Кожный разрез, остановка кровотечения, прокол! В образовавшееся отверстие врывается спасительный свистящий вдох. Больной задышал, захрипел кровавой пеной и стал приходить в себя. Доктор вставляет в рану трахеотомическую трубку, через которую замполит теперь будет дышать, и заканчивает операцию.
Среди «зрителей» уже появился командир, и его, конечно, интересуют перспективы:
– Док, ну ты сам выходишь зама, надеюсь, не придётся менять походное задание корабля?
– Да нет, я только спас жизнь. А лечение на корабле – авантюра: после операции обычно отекает слизистая гортани, и опять затрудняется дыхание. Так что потребуется эвакуация больного в стационар…
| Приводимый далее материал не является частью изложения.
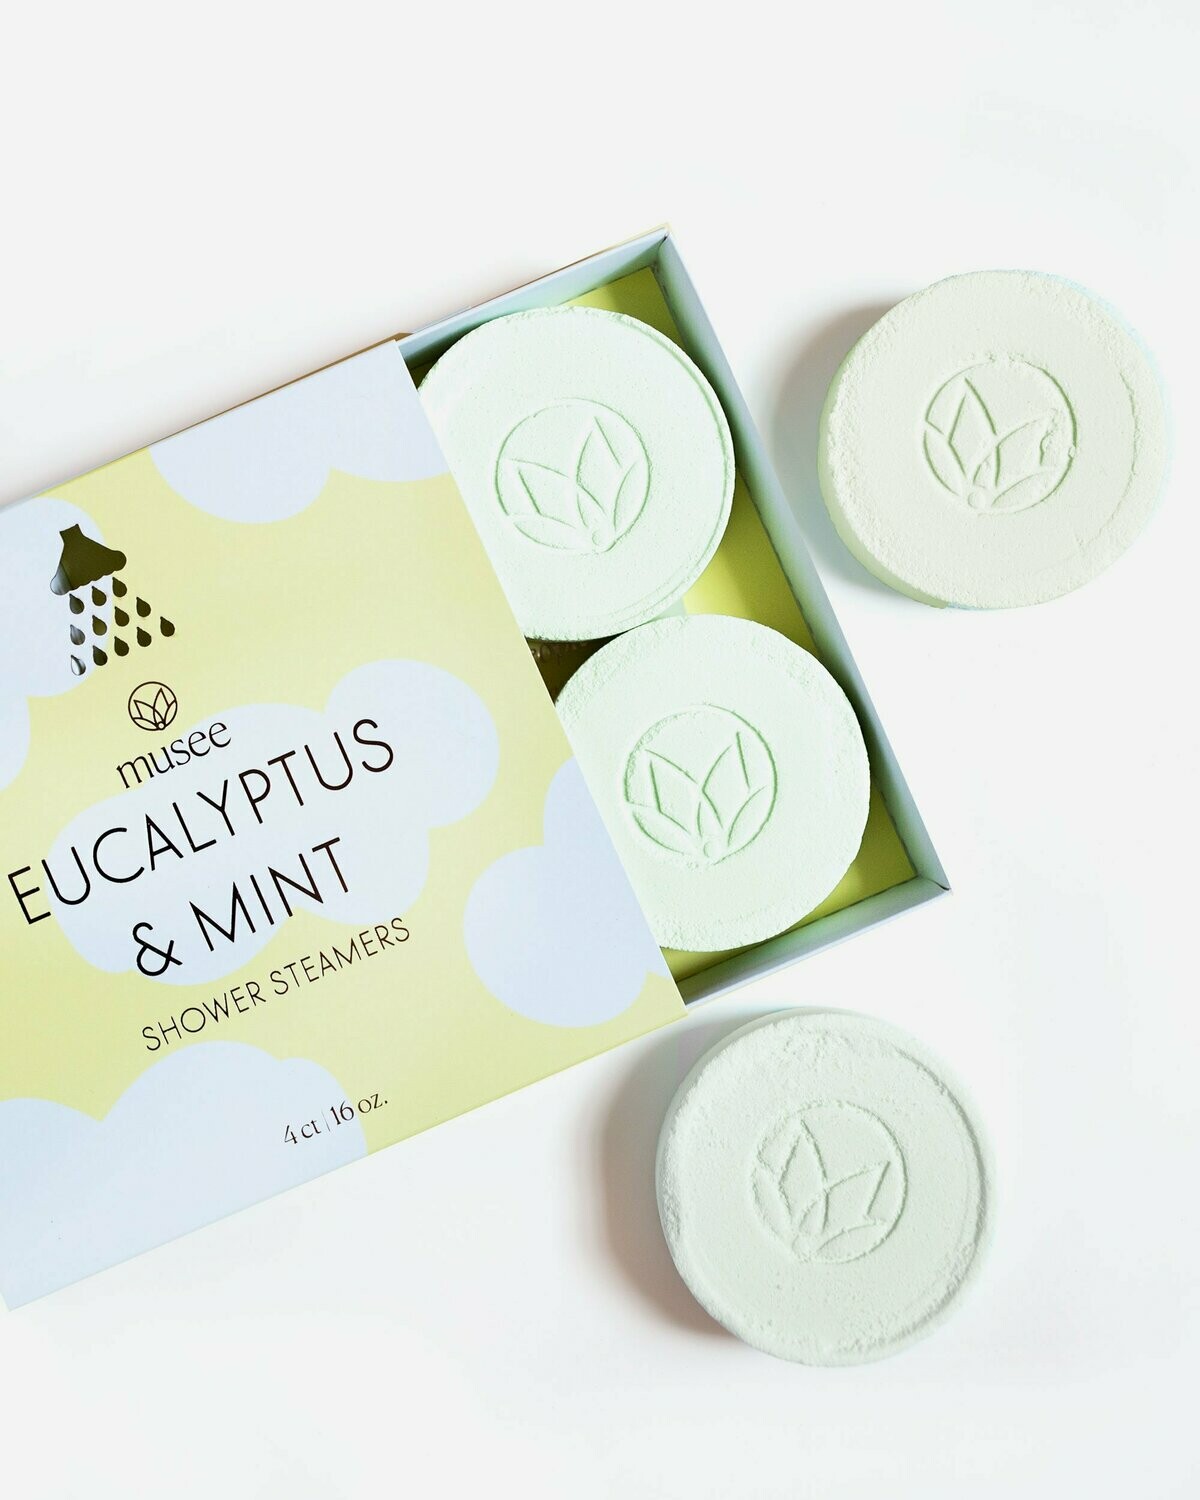 Shower Steams- Eucalyptus Mint 
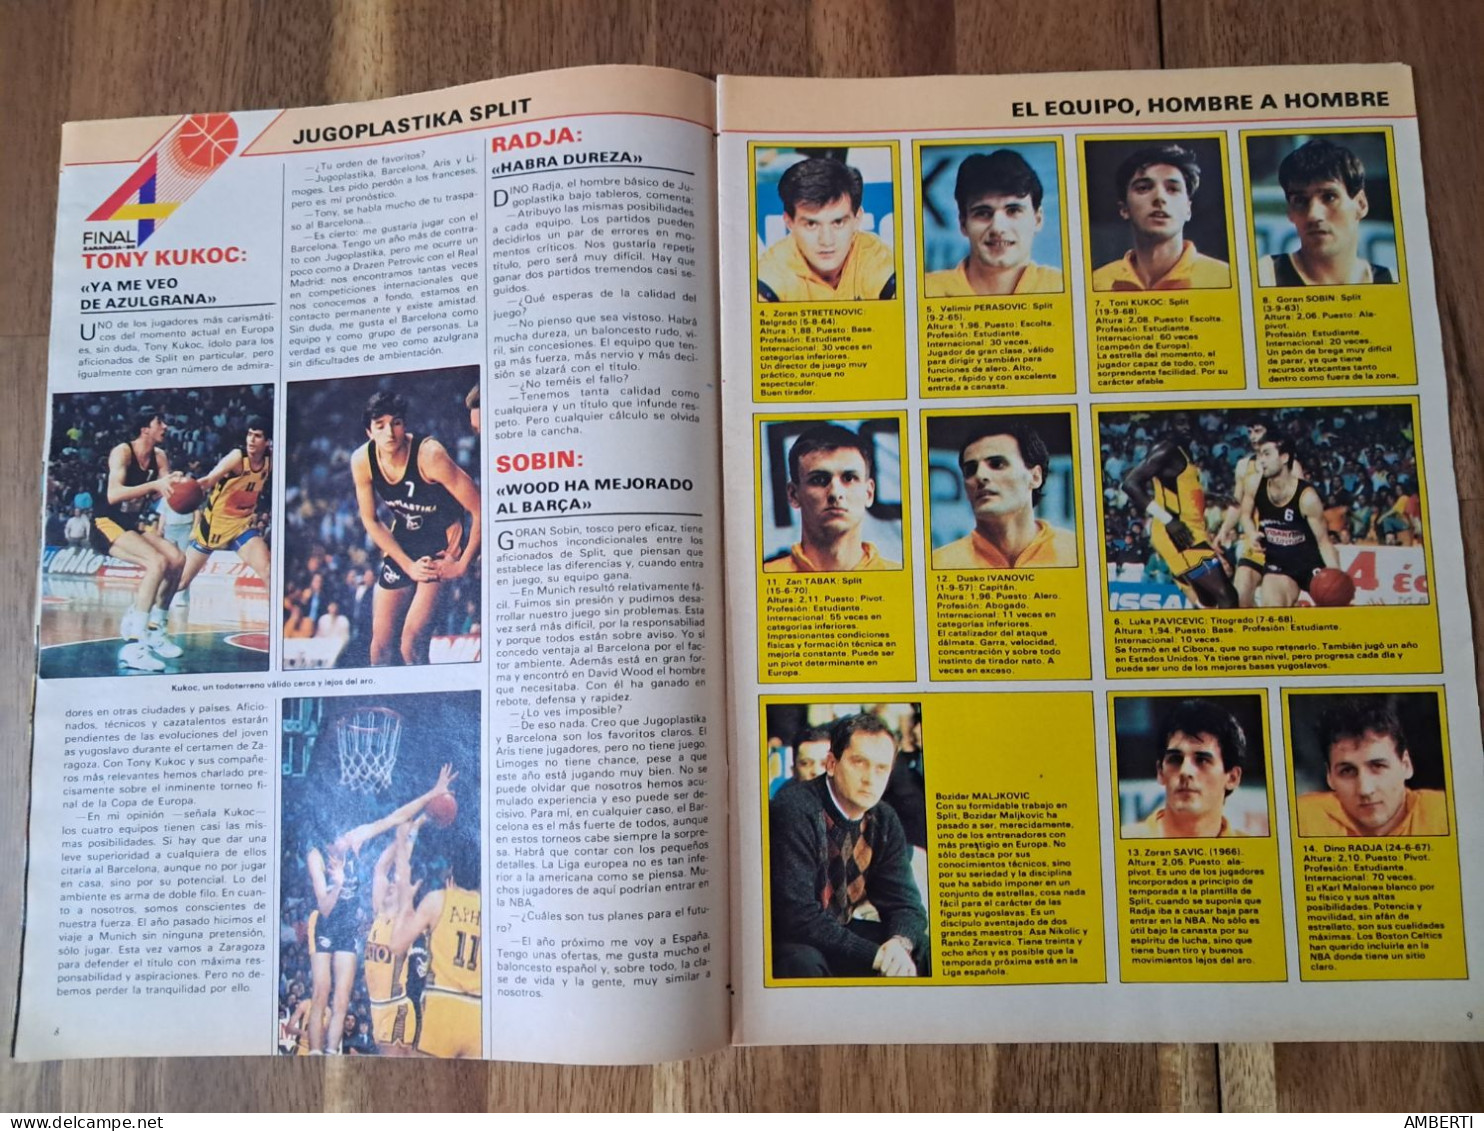 Copa Europa Baloncesto 89/90 As Color N218 1990 - Books

Всё-таки замполит – везунчик: госпиталь сам приехал к больному. Возвращавшееся «с югов» и проходившее мимо госпитальное судно Тихоокеанского флота вовремя взяло на борт пострадавшего, и уже там он рассказывал о своей роковой аллергической «дружбе» с иглобрюхом.
***
Штормит не по-детски! Корабль падает с пенных гребней в разверзнувшуюся хлябь и, зарываясь носом по самый мостик, угрожающе трещит такелажем. В каютах всё, что не успели закрепить «по-штормовому» – летает. Засыпая, Молчанов мысленно спорит сам с собой: что ни говори, а жизнь моряка в походе это не совсем жизнь взаймы. Она – другая, но тоже важная и настоящая… хотя и без милых сердцу любимой жены, утреннего леса, ледяной родниковой воды и дома с эркерными окнами!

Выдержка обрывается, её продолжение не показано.